- **EXERCISE**
Your answer should repeat exactly the lines from the one holding "Berry Tiramisu - An Simple & Child Pleasant Dessert Berry" through the end of the data, and it should contain no pictures.

- **SUPPLIED DATA**

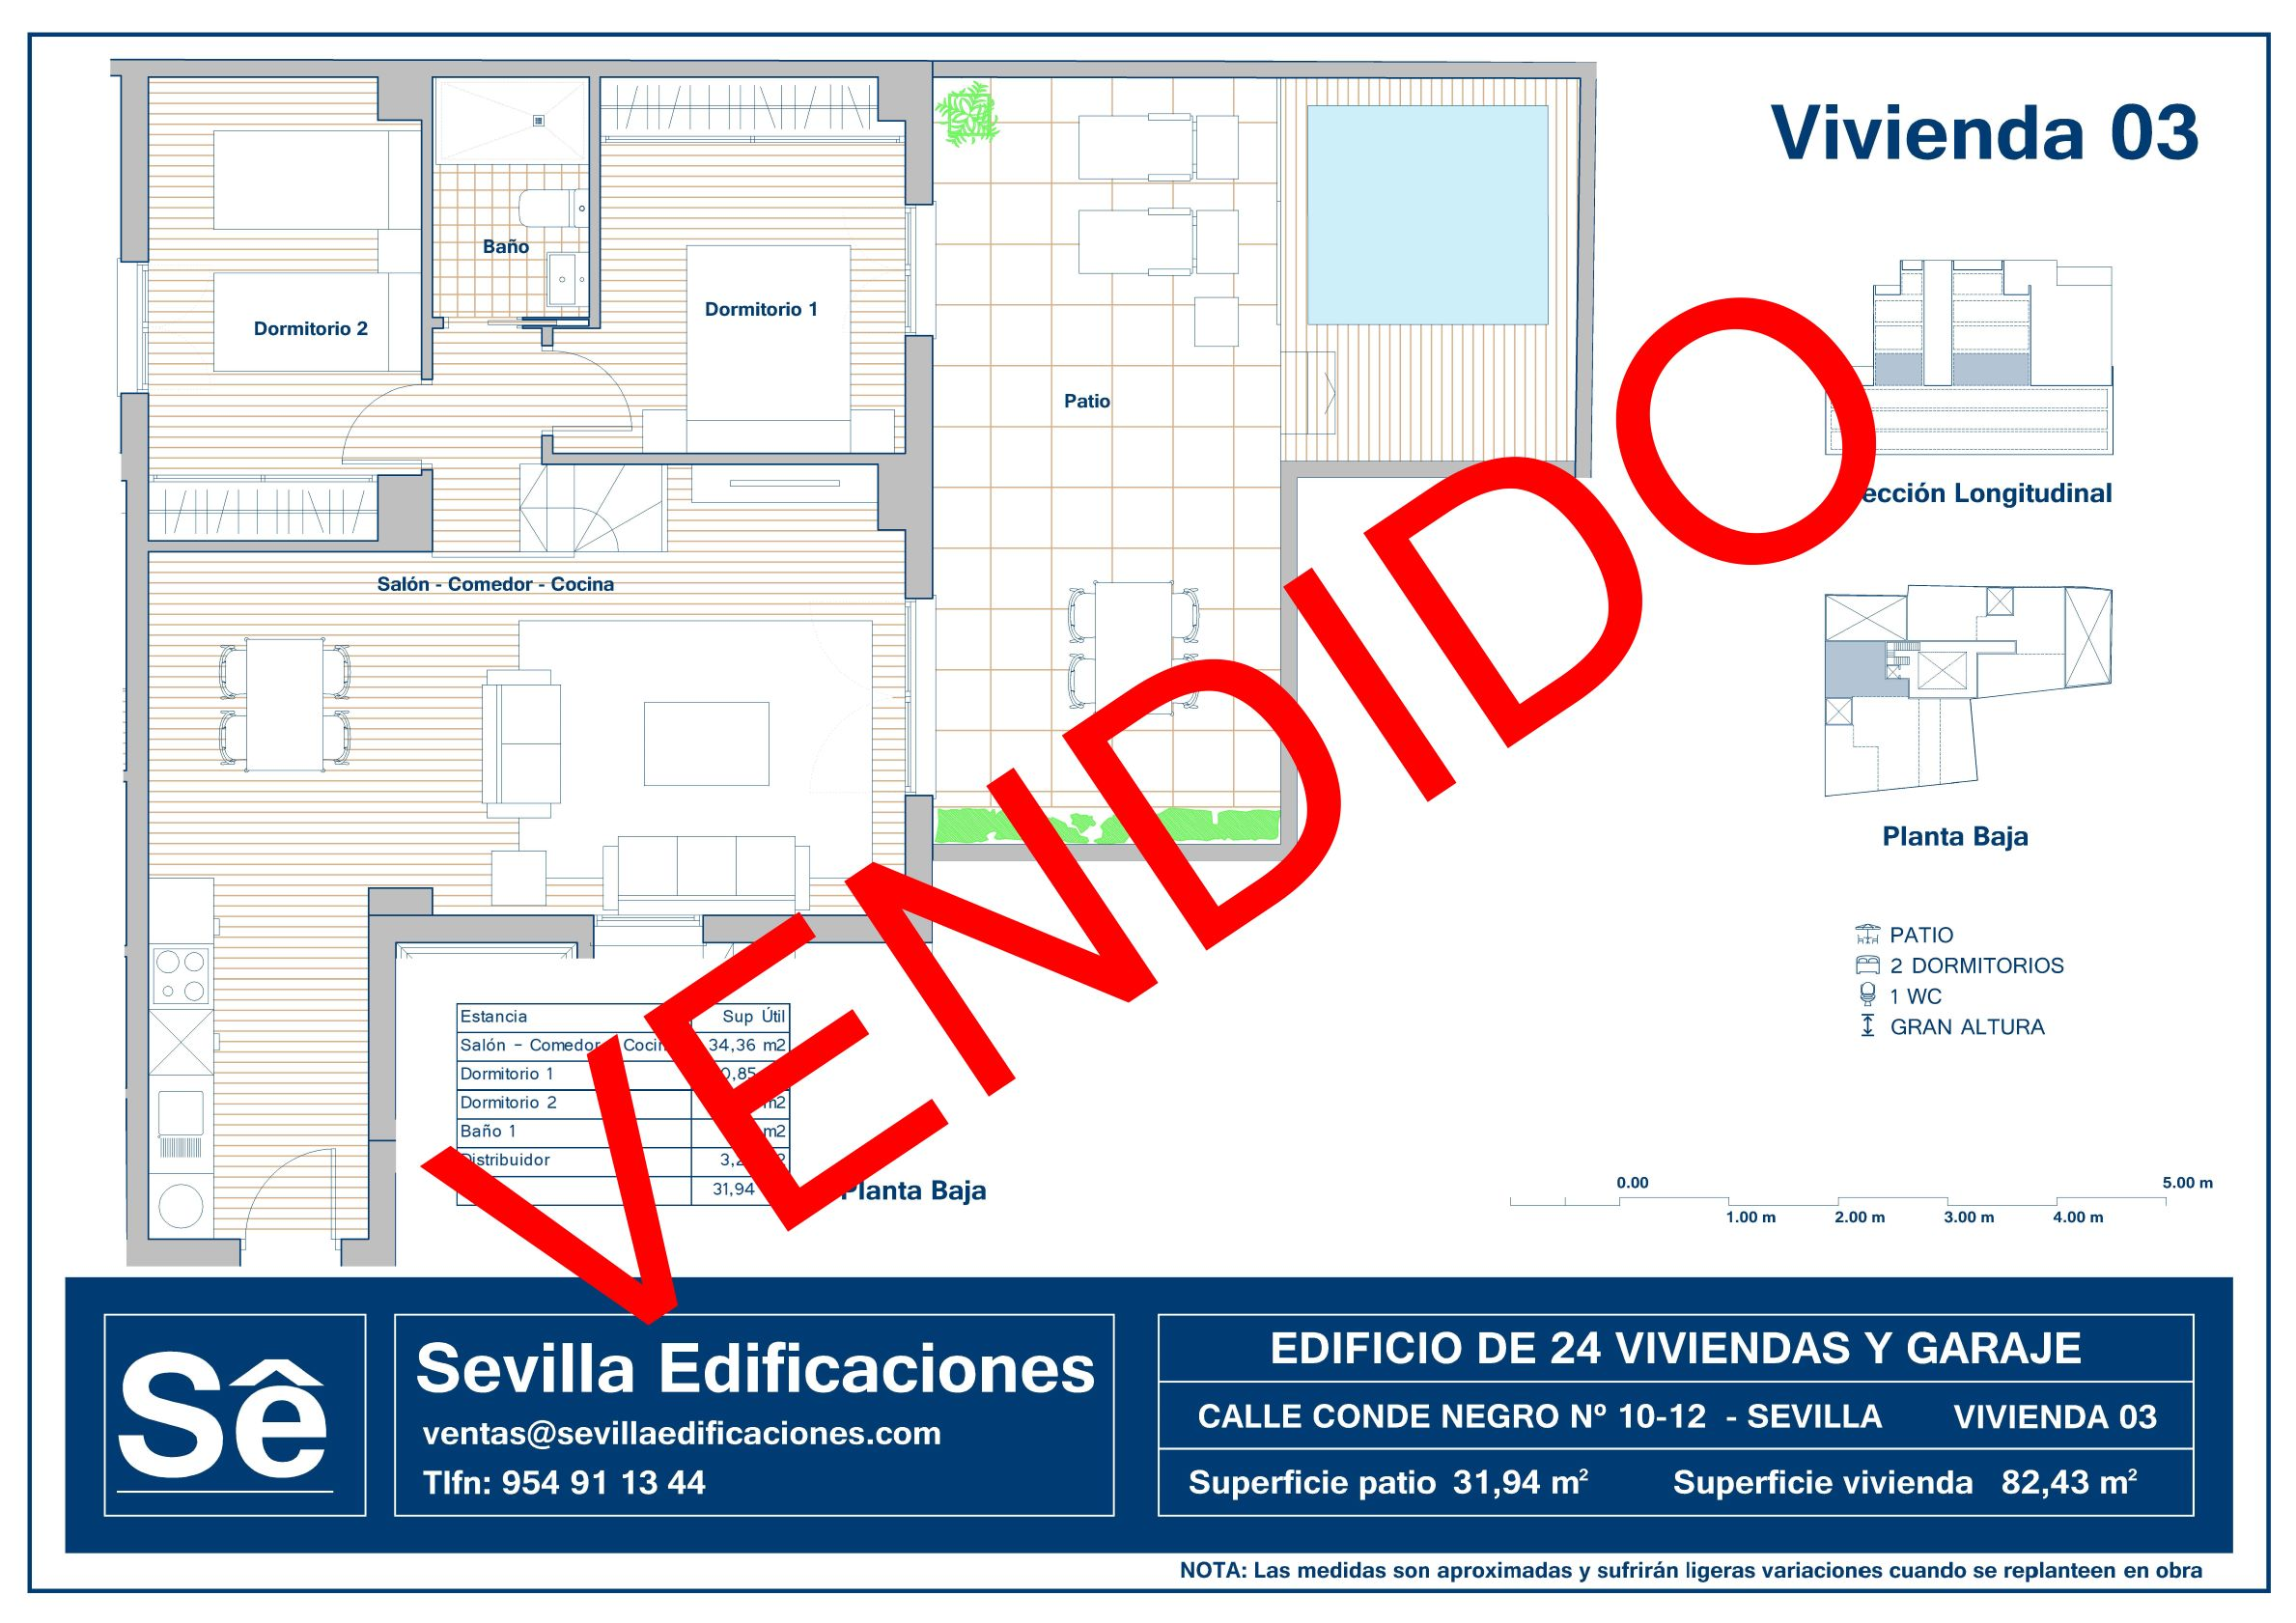 CONDENEGRO_VIVIENDA_03_VENDIDO
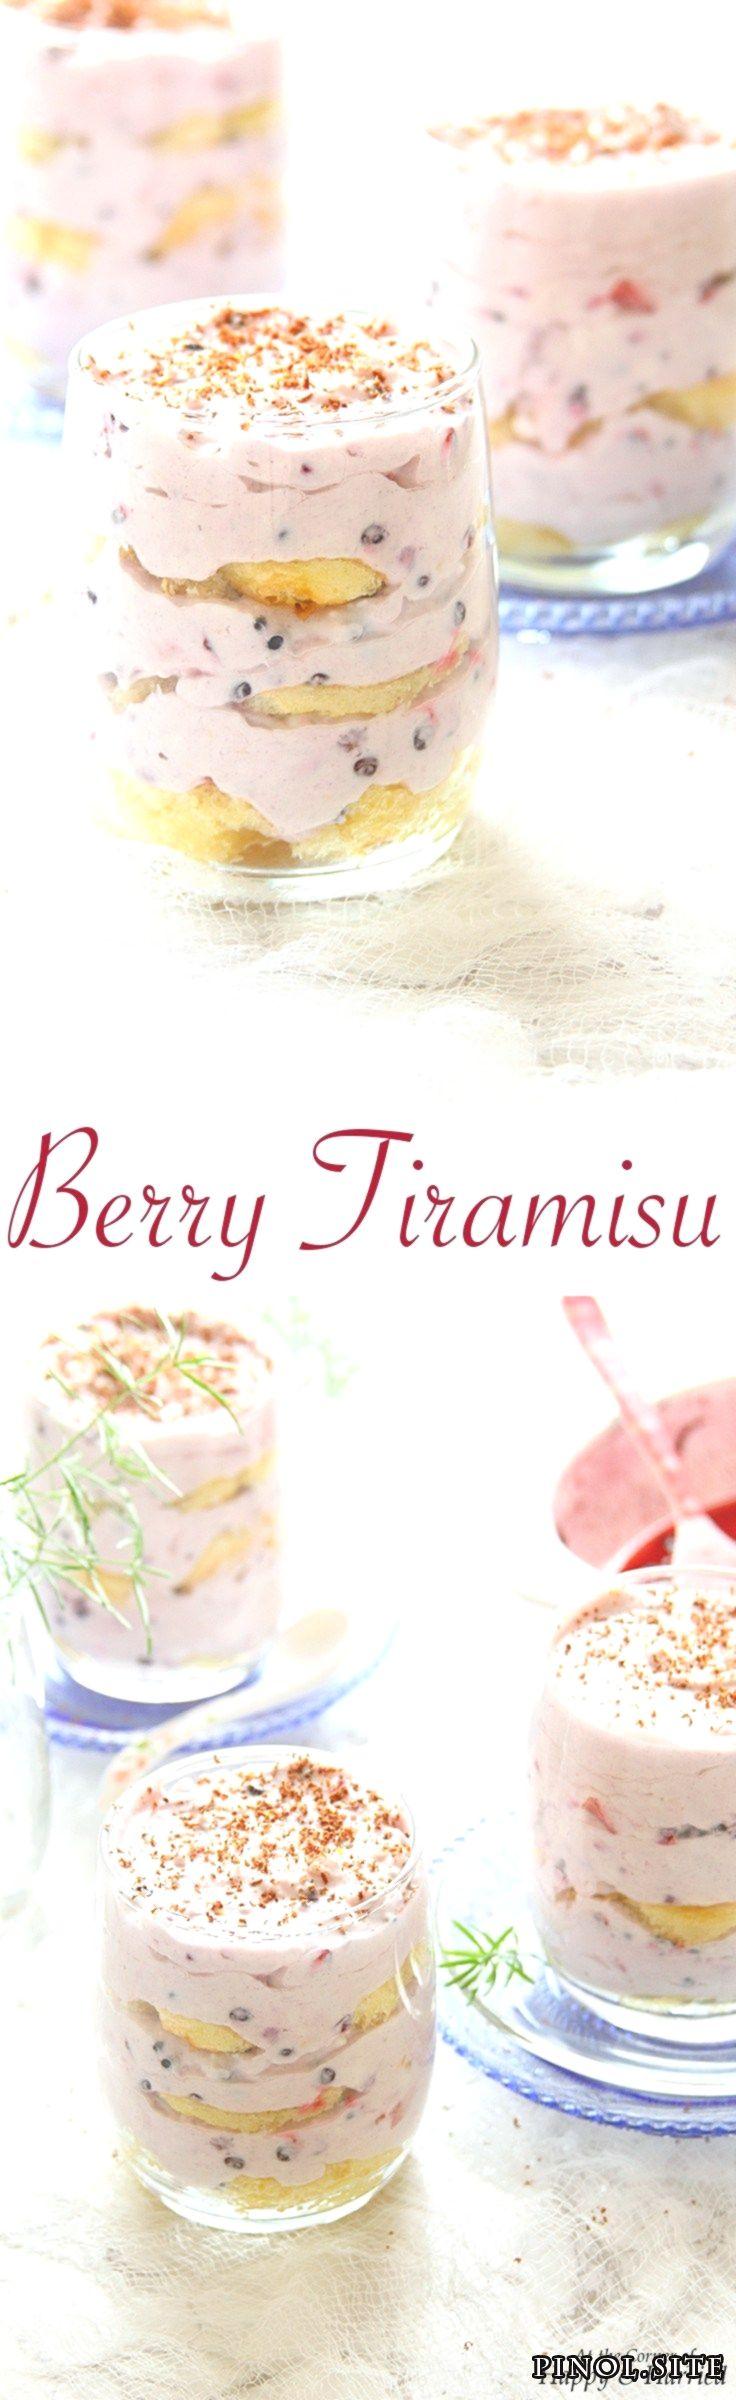 Berry Tiramisu - An Simple & Child Pleasant Dessert Berry Tiramisu - An Simple & Child Pleasant Dessert BERRY TIRAMISU - AN EASY KID FRIENDLY DESSERT - HAPPY&HARRIED... -
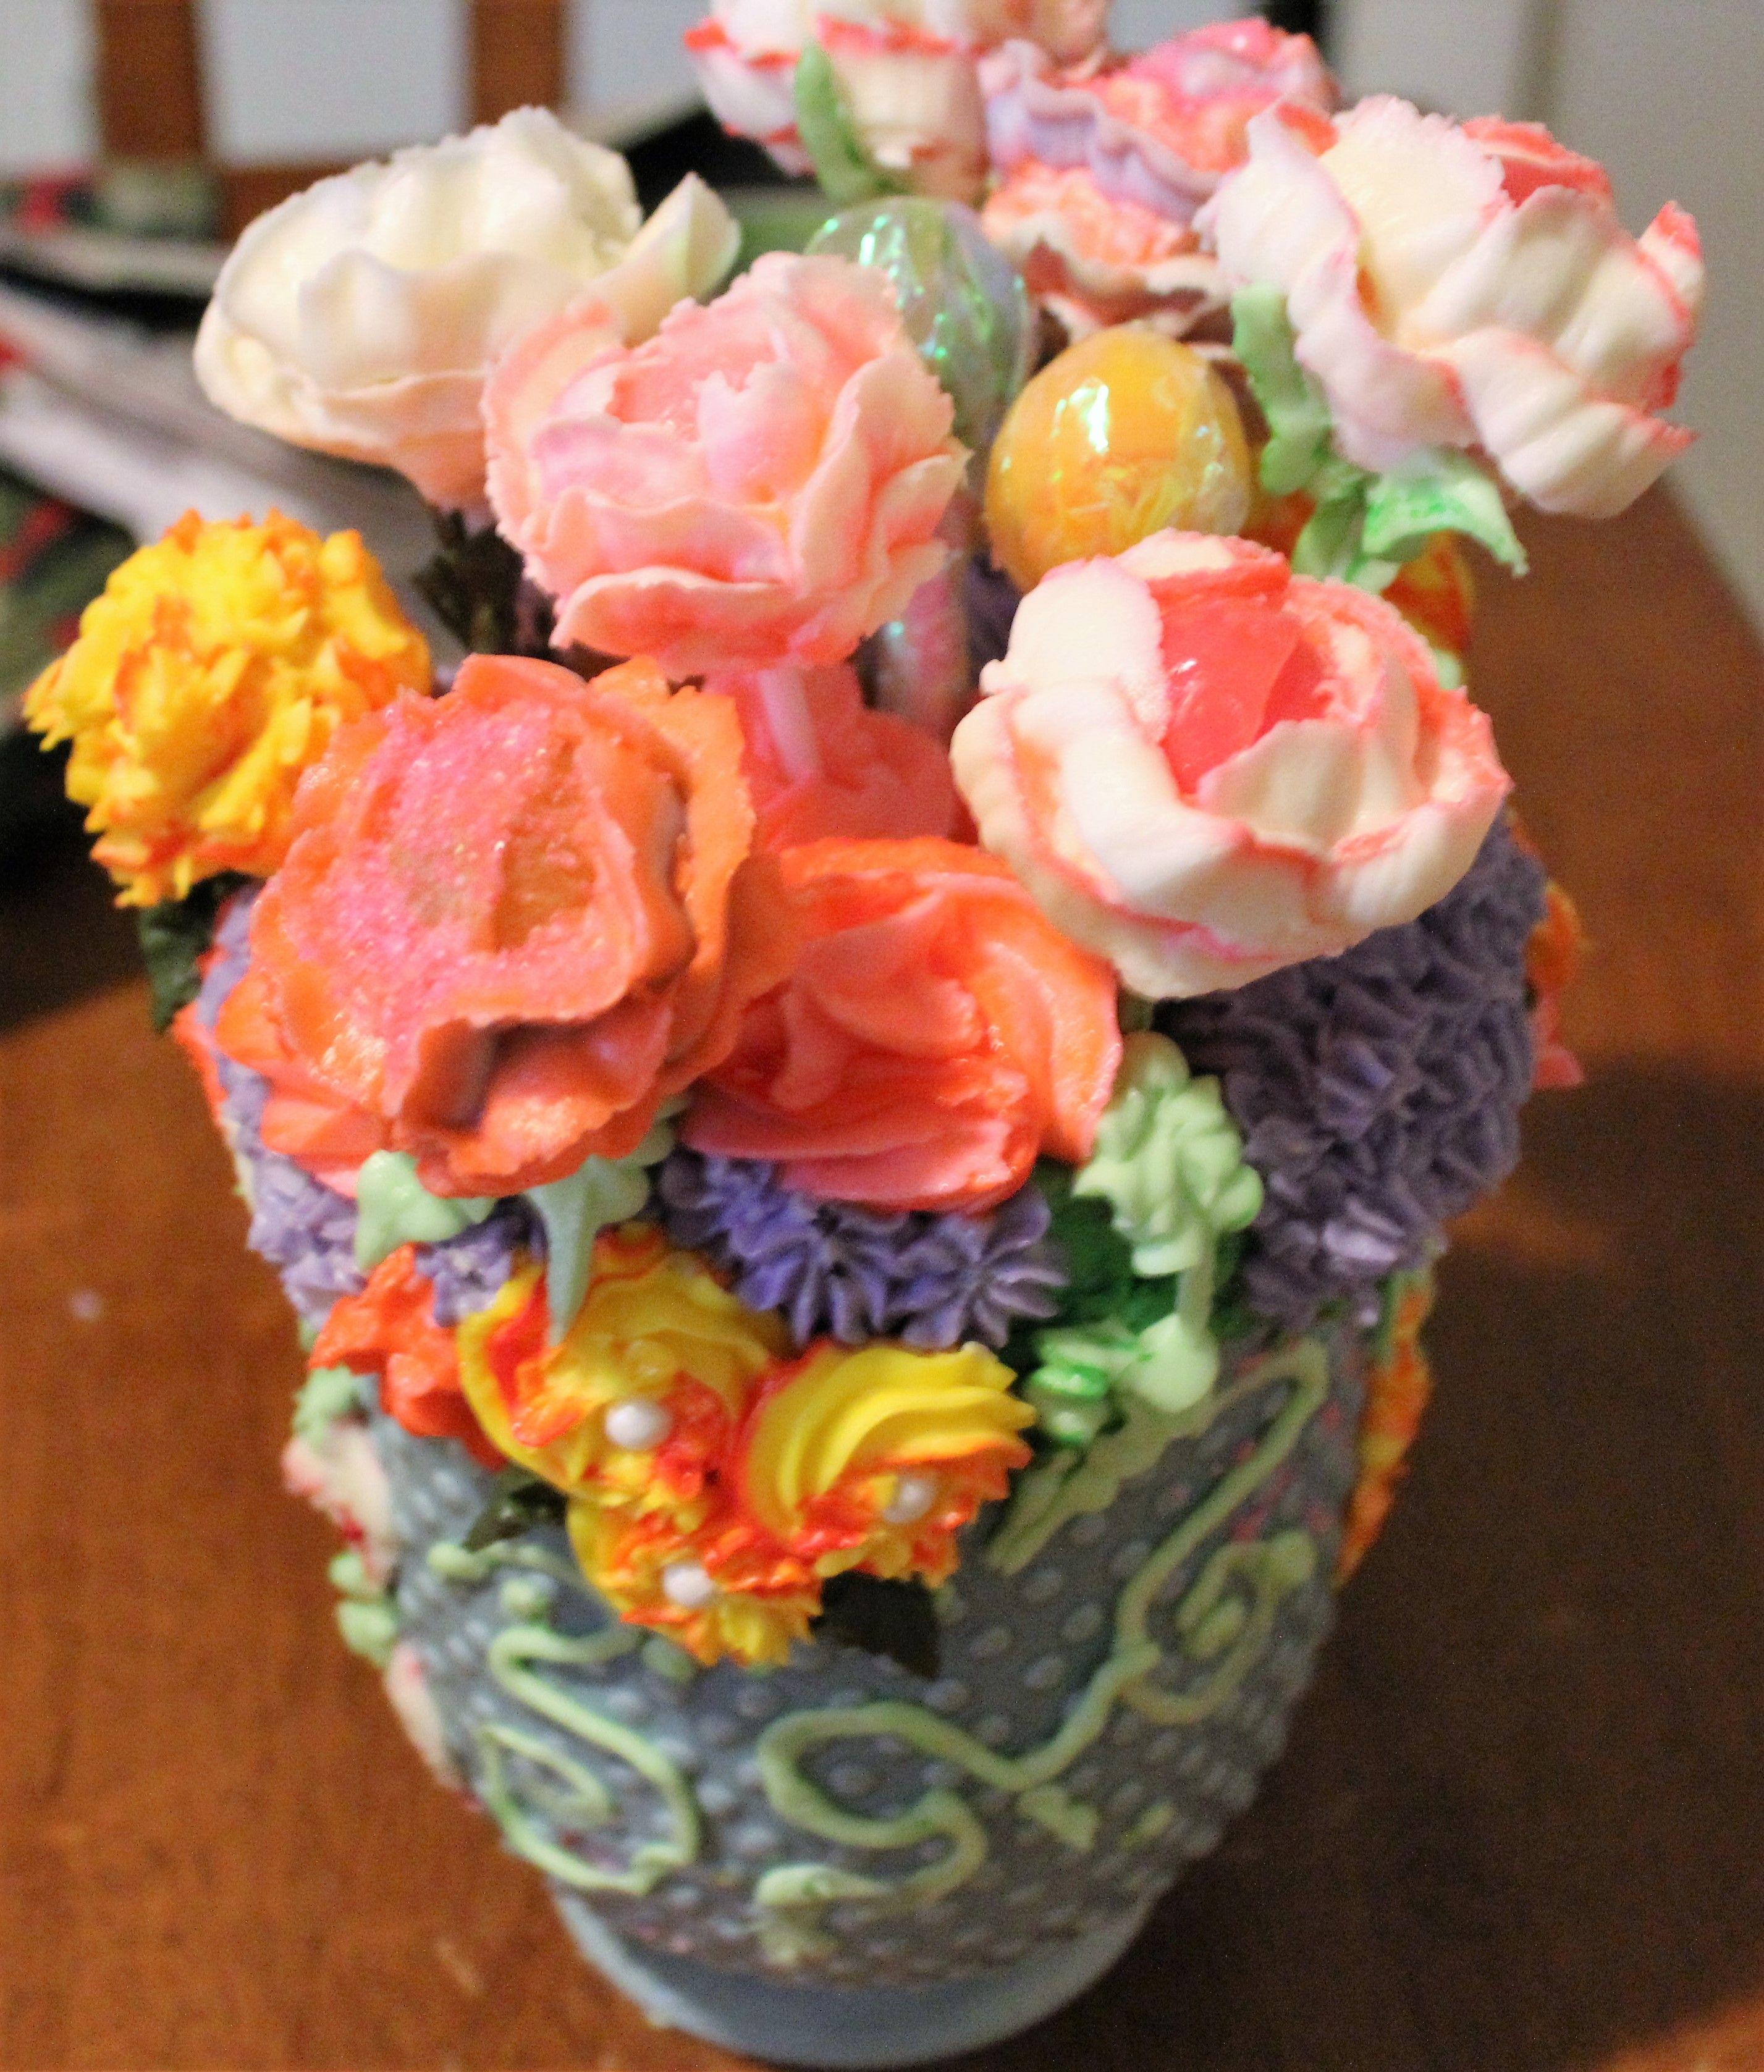 Cake in a Flower Pot.

- **SOLUTION TO THIS PROBLEM**
 Berry Tiramisu - An Simple & Child Pleasant Dessert Berry Tiramisu - An Simple & Child Pleasant Dessert BERRY TIRAMISU - AN EASY KID FRIENDLY DESSERT - HAPPY&HARRIED... -
 Cake in a Flower Pot.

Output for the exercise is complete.